Wednesday, January 18, 2012

California 17, or, Culinary Investigation One of Three

Your intrepid correspondents endeavored to maximize our time in the culinary paradise that is California, before spending a year in the culinary wasteland that is Washington, DC (improving, so maybe now only a mediocrity rather than a true wasteland, but still). The first of these efforts -- undertaken, of course, in the name of Science -- was San Francisco Ice Cream Day.

As with any place where the young and hip and employed gather, there are all variety of artisanal and farm-to-table and homemade and crafty and unique foods in San Francisco. Case in point: Blue Bottle Coffee which is way over-hyped and people wait in ridiculous lines for it, but it is perhaps, it turns out, actually worth it. Iced creams are no exception. There are far more high-falutin' ice creameries in The City than we could have hoped to try in a day. So we settled on three.

The first stop was Xanath in the Mission, which features all-organic ice cream in fancy flavors, such as saffron, as seen above. There were a bunch of other places that should have been the second stop, but we accidentally walked by Zeitgeist and had no choice but to stop for a while and have some beer in the sun.

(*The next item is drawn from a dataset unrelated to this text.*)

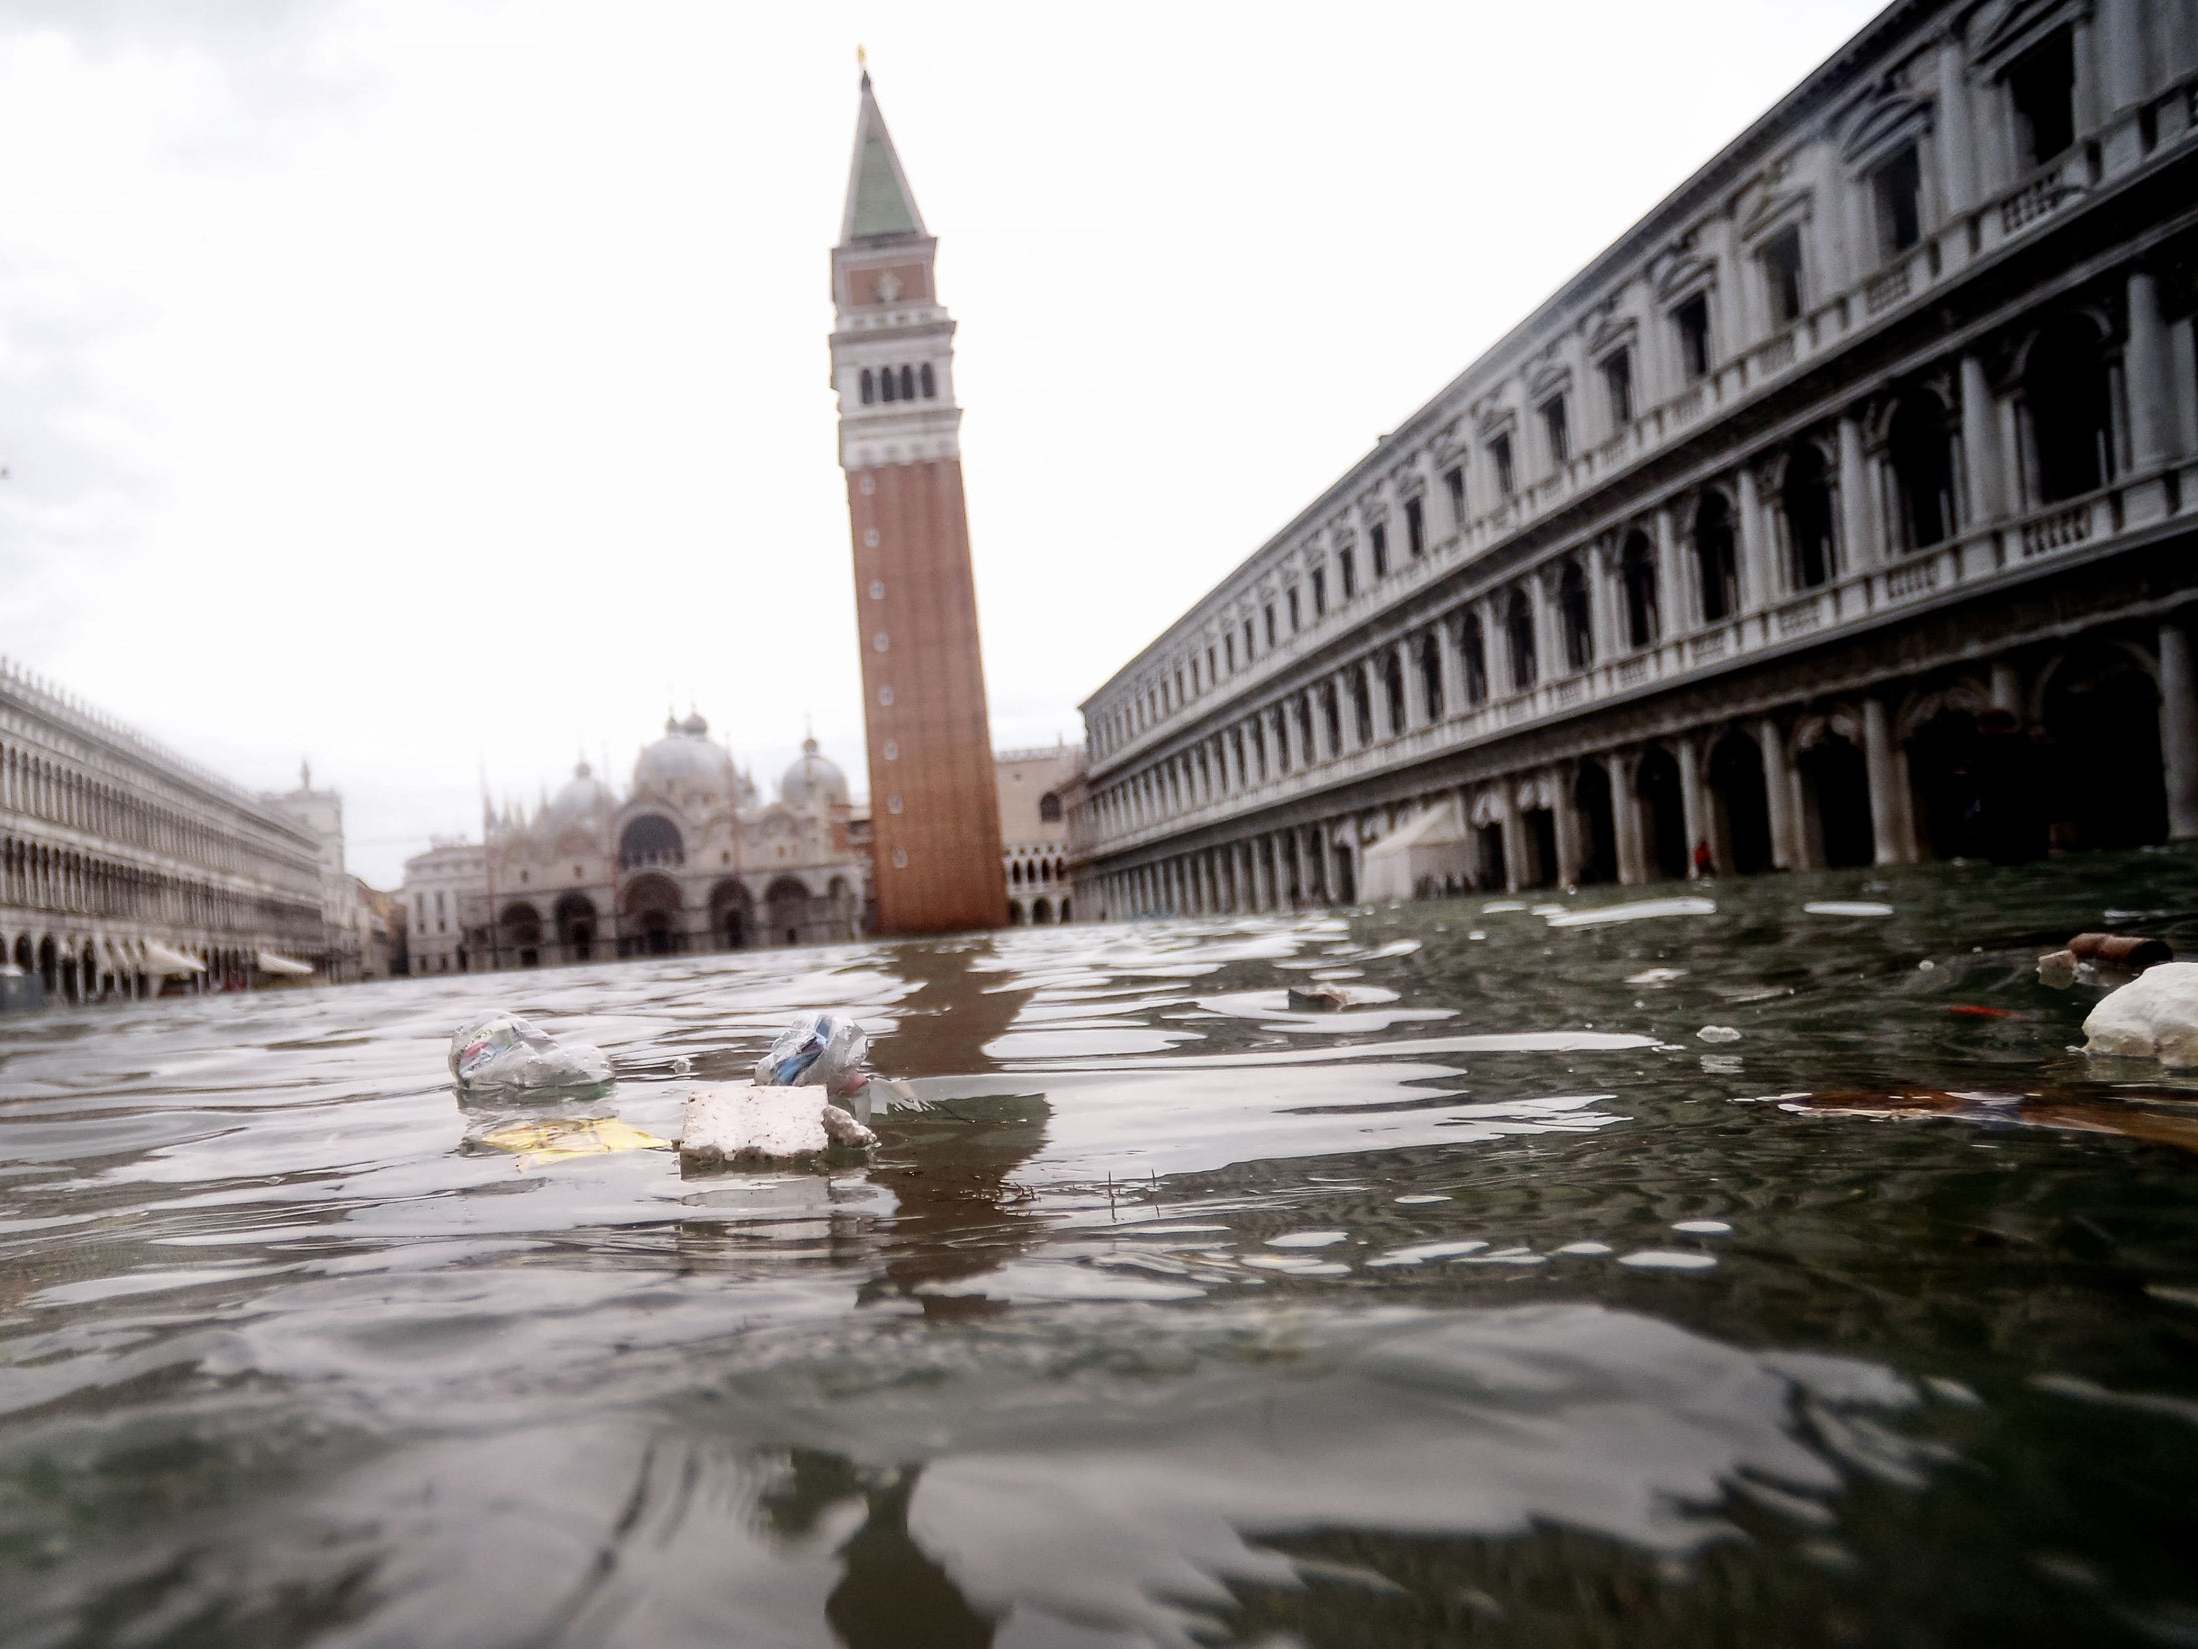 Venice council is flooded minutes after rejecting climate change measures - The Independent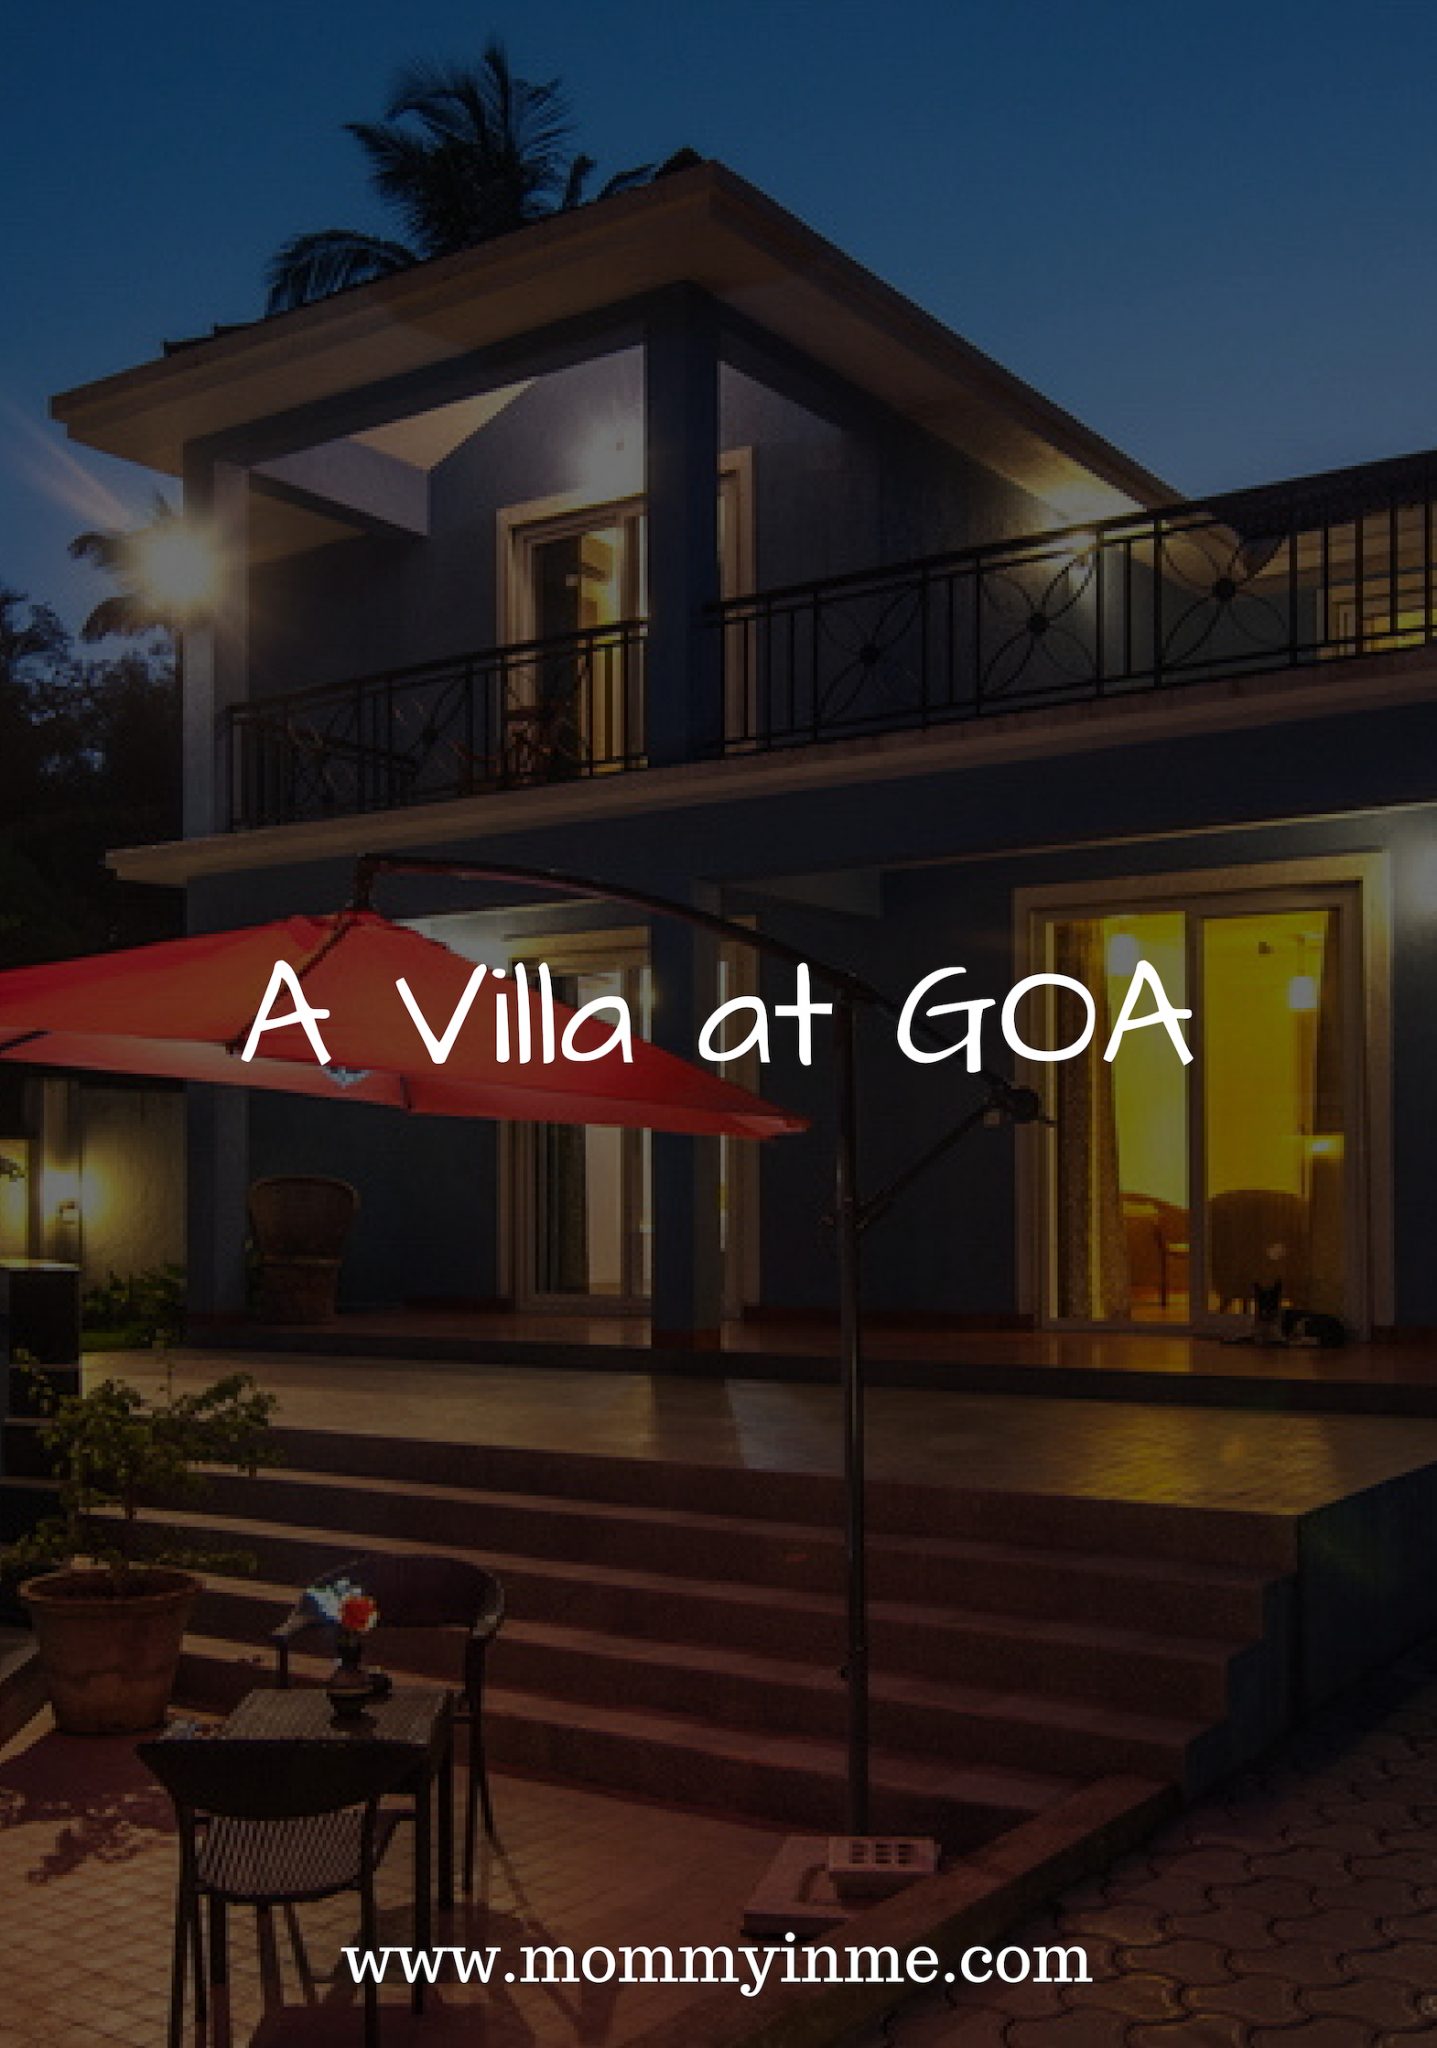 Goa is magnificence, a synonym of tranquility and party at the same time. While Goa is classified as North and South Goa, it has one of the most beautiful beach - Morjim beach which is also the nesting site of the endangered Olive Ridley Sea Turtle. How about buying a property at Goa to enjoy this grandeur? Then opt for services from Goa Villa Estate. #Goaproperty #buyproperty #propertytax #GoaVilla #goahomes #morjimbeach #Goa #seaturtle #Calangute #bagaBeach #Travel

When we eventually got back on course, the second stop was Smitten, on Patricia's Green park on Octavia in Hayes Valley, by some truly horrible public art, which we gather -- nay, hope! -- may be temporary. Anyway, Smitten's gimmick is that they actually make the ice cream as you order it, in an impressive cloud of liquid nitrogen.

After we were (if I recall) tempted to stop at another bar for some wine around cocktail hour, time for additional stops was slipping away. I don't really know how many ice creams your correspondents would have been up for, but our dedication to sugar is no match for our dedication to alcohol. Three full servings of ice cream would have to do.

So our final stop was Mitchell's, down in Noe Valley. (All photos from Mitchell's involved one of the taste-testers in an unflattering pose while eating ice cream, so they will remain unpublished.) In contrast to the fully-organic or made-on-the-spot varieties we tried earlier, Mitchell's gimmick is that they have been making kick-ass ice cream for 50 years and change. And the winner, by acclimation, was Mitchell's in a landslide. Maybe they could just add some clouds of liquid nitrogen for effect, and there would be no reason to go anywhere else.


Anonymous said...

Next time we are in SF together let's go to Mitchell's! It looks kind of hard to find so you will have to be our guide...
Growing up in Berkeley we had ice cream places similar: Ortman's and McCallum's; both on Solano, both gone now. Sigh...

Anonymous said...

Ahh, McCallum's: the first place I ever had a non-vanilla/chocolate/strawberry flavor of ice cream (mint chip; it was delish). I was ~3-4 years old and astonished that there even *were* other flavors!